Четырехэтажное, светлое от множества окон здание будто разбухло, распарилось. Дверь в подъезде, как всегда, не знает покоя — хлопает беспрестанно, жалобно дребезжит стекло… Несколько легко одетых, разгоряченных парней и девушек топчутся у входа. Едиге, не приглядываясь, определил: новенькие, первокурсники. По одежде, разговору, по тому, как держатся, сразу видно, что еще не успели освоиться, привыкнуть к жизни в большом городе. Аульная свежесть и чистота так и сквозят в грубоватых, наивных лицах ребят, в их нескладных, долговязых фигурах. Из общежития приглушенно доносится по-детски звонкий, с лукавой хрипотцой, голос Робертино Лоретти. «Папагал, папагал, папагал-ло…» В вестибюле нижнего этажа — танцы.

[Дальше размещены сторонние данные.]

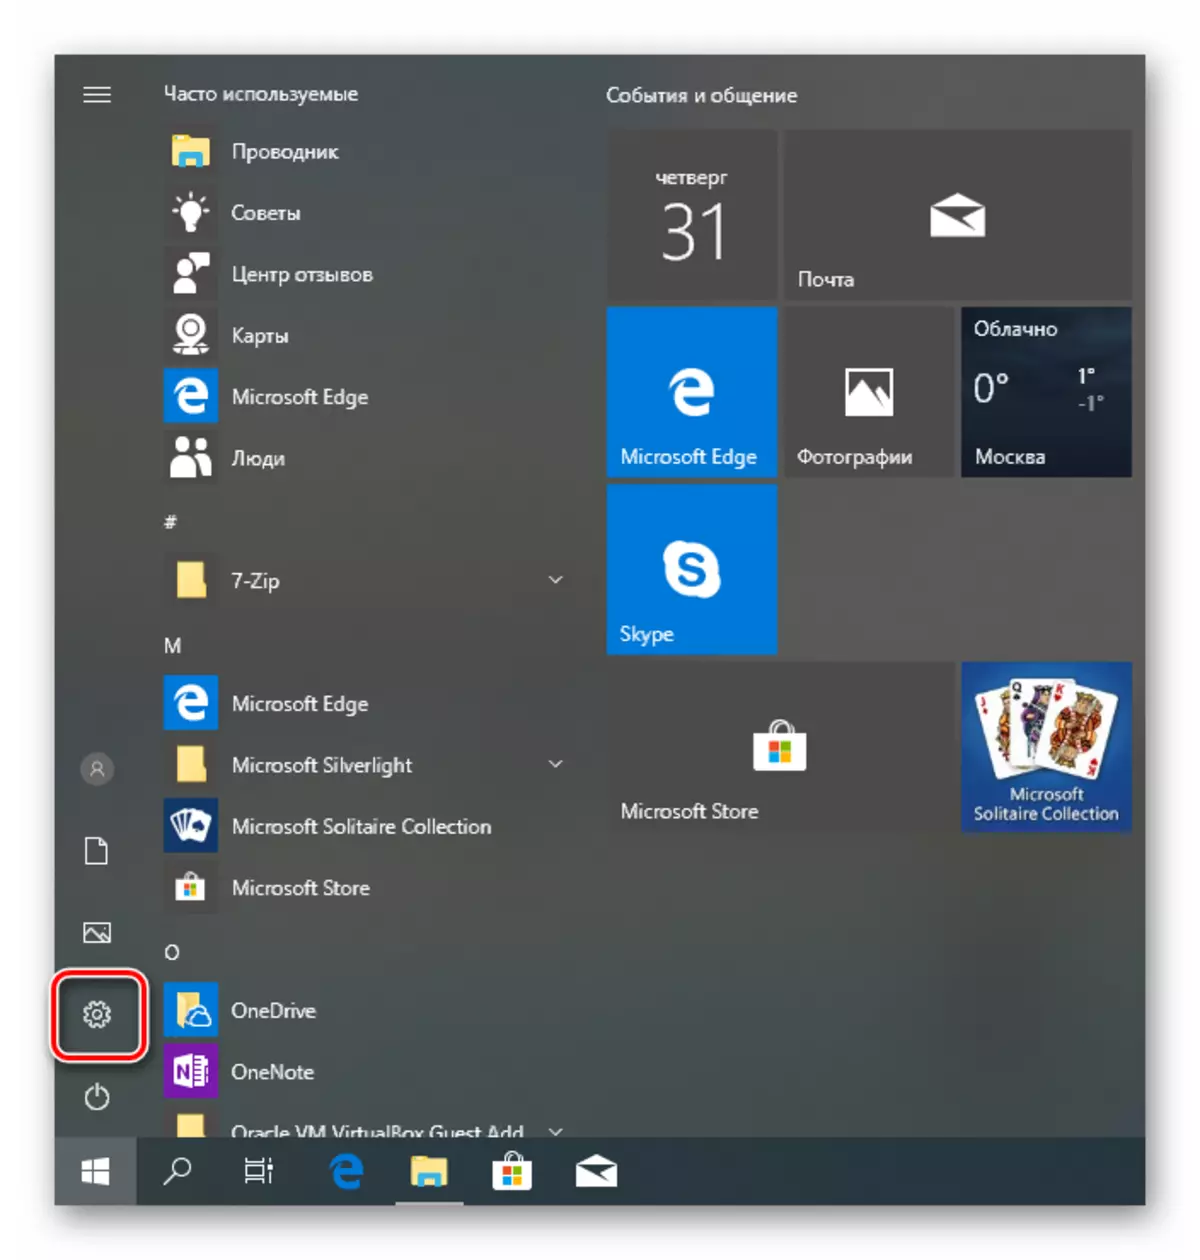 Shkoni në parametrat e sistemit operativ nga menyja e fillimit në Windows 10

— Как много симпатичных девчушек, — вздохнул Едиге, поднимаясь к себе по лестнице. — Обалдеть можно… В наши молодые годы таких и в помине не было. Только вот, пожалуй, о танцульках думают больше, чем следует. Ишь, какой тарарам подняли… Кстати, сегодня же суббота. А у нас каждую субботу… Все равно. Они, если вникнуть поглубже, не столько живут, сколько гоняются за удовольствиями, а это не одно и то же… Впрочем, пускай погуляют, потешатся, — великодушно разрешил он. — Мало ли что им предстоит впереди… Юность не возвращается. — Едиге, проживший на белом свете уже двадцать два года, естественно, считал себя все испытавшим, умудренным старцем, особенно в сравнении с этими желторотыми птенчиками. — Но красивых девушек все-таки стало гораздо больше, — продолжал размышлять Едиге, теперь уже не поднимаясь по лестнице, а спускаясь вниз, потому что незаметно для себя проскочил на четвертый этаж и понял это лишь по оборвавшимся ступенькам. — Или мы и в самом деле отжили свое? Ведь человеку только на склоне лет свойственно грустить о прошедшем… Третий этаж… Триста первая… Ш т а б-к в а р т и р а б у д у щ е г о с в е т и л а н а у к и, а н ы н е б е з ы з в е с т н о г о х о л о с т о г о а с п и р а н т а-ф и л о л о г а Е д и г е М у р а т-у л ы Ж а н и б е к о в а и в е л и ч а й ш е г о м а т е м а т и к а н а ш е й э п о х и К е н ж е к а А б д р а ш и т о в и ч а А х а н б а е в а… Свет включен, значит, величайший математик дома. — Глубокочтимый профессор! Отоприте! Достопочтенный академик стоит у дверей!.. — Тишина… — Так, значит, Кенжек отплясывает с юными первокурсницами, гремя своими старыми пересохшими костями… Все ясно. Куда же, между прочим, запропастился этот чертов ключ?.. Ну, что ты скажешь…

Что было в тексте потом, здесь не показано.